Savuti, Botswana

The Magical Mystery Savute

Our Collective

Ilana Stein

10/17/2017

The disappearing river reappeared. Nature, the magician, bows and the crowd roars. How did she do it? What’s the trick? No-one knows.

 

Imagine a camp placed high on the banks of a glinting channel, just as it curves around an oxbow lake-like bend. Bream slide silkily beneath the lily pads with half-open white petals, hippo yawn widely to the skies, and there is a constant flow of animals coming to drink. In half an hour, one might see impala, waterbuck, giraffe, kudu, lechwe, warthog, vervet monkeys and baboons, not to mention mile after mile of tons (literally) of elephant.

 

Except when the water isn’t there.

 

 

Because that is the magic trick of the Savute, a place renowned in the annals of bush stories of southern Africa as the “Disappearing River.” This was the place that a multitude of birds and animals relied on for their daily water needs – when, inexplicably, the Savute Channel began to shrink.

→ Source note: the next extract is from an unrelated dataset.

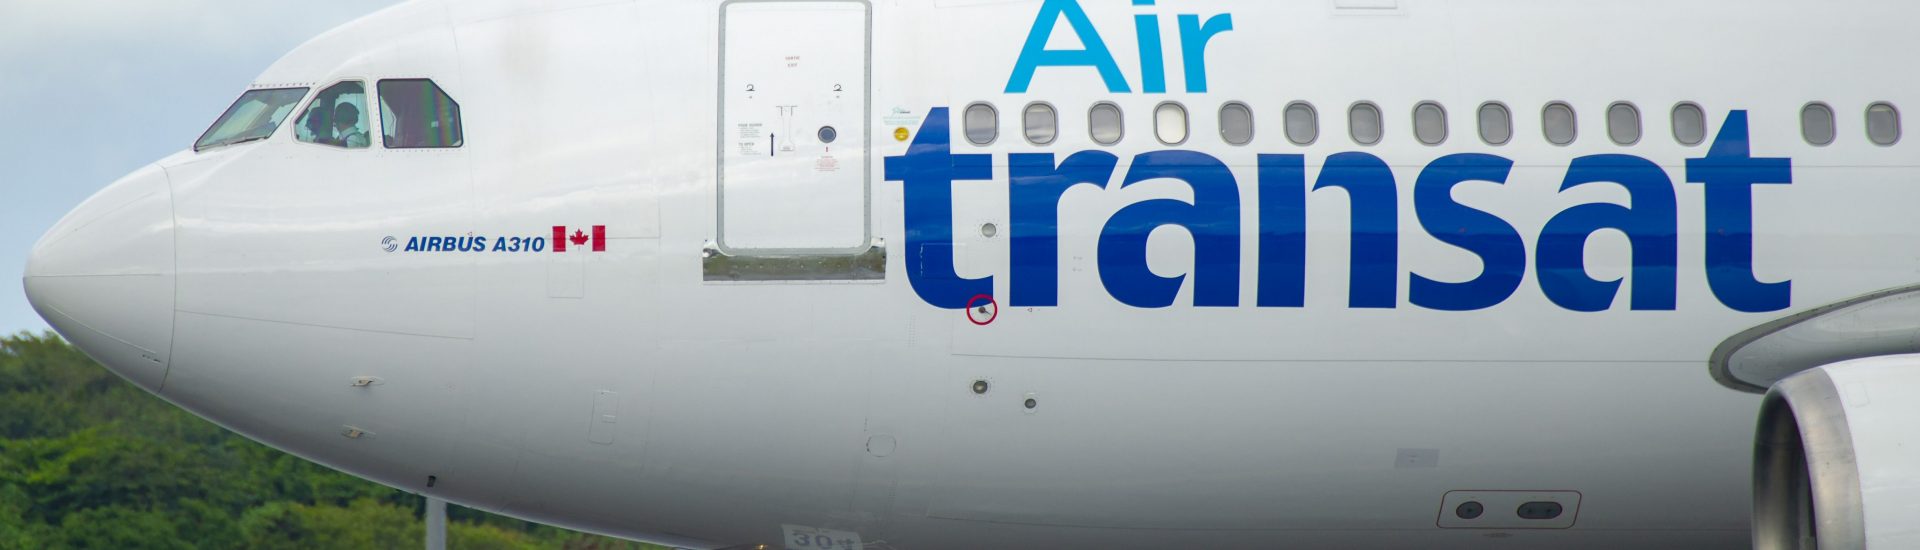 A310-300 Air Transat C-GSAT

Some blame geology and others the weather, but slowly, inexorably, the place formerly known as a channel became infamous for its scenes of desperate hippo, fish flapping futilely in drying-up mud puddles, and animals fighting for the last drop of liquid.

 

And then, nothing. The grasses grew over the riverbed and the animals had to move on to find water elsewhere. What was once a river became grassland, a place of pasture for grazing herbivores on their way to find water further away – that is, until Wilderness decided to put up a camp there, along with a borehole pump to draw up water for a small pan next to a log-pile hide.

 

That little pump changed things again. Instead of having to walk weary miles to the Linyanti River or seasonal pans, plains game of all kinds could drink at the new oasis. Elephants would troop down, ears flapping, feet kicking up dust, to quench their almost immeasurable thirst in front – and around and behind – Wilderness guests who sat surrounded by logs to watch and be part of the spectacle.

 

And then, just as Savute’s tragic story had become part of a hazy memory, it all changed again. A tectonic plate moved, or a water table rose, or something else happened which we humans have yet to discover, and the Savute crept back. You could actually watch as it inched forward across the dry ground – indeed, it was quite a sight to see a tiny trickle hesitantly yet firmly picking its way through the dry grass stems, followed by bemused humans (some of us removing shoes and socks to dip a toe in the fabled waters), and ultimately by animals.

 

 

In a few weeks, the Savute was back, and now it looks as if it never left. Punctuated by hippo and lechwe, it winds its way along its new yet well-worn bed, attracting throngs of life once more. A pride of lions waits lazily at the water’s edge, sure in the knowledge that something will come down for a drink. Herds of buffalo numbering some 200 in each, and elephant in their hordes are tuned to this length of life. As long as it’s there, they need not fear.

 

But for how long? That is the element of Savute, the feeling of fleetingness that lurks beneath the life-filled surface. It’s a river so blatantly ephemeral, if not fickle, that it sums up the transience of time, the temporality of nature. It reminds us that this is the essence of survival: to seize the day, for today, with its blue waters bending reeds, rippling around a hippo head and splashing against an elephant thigh, is all we have.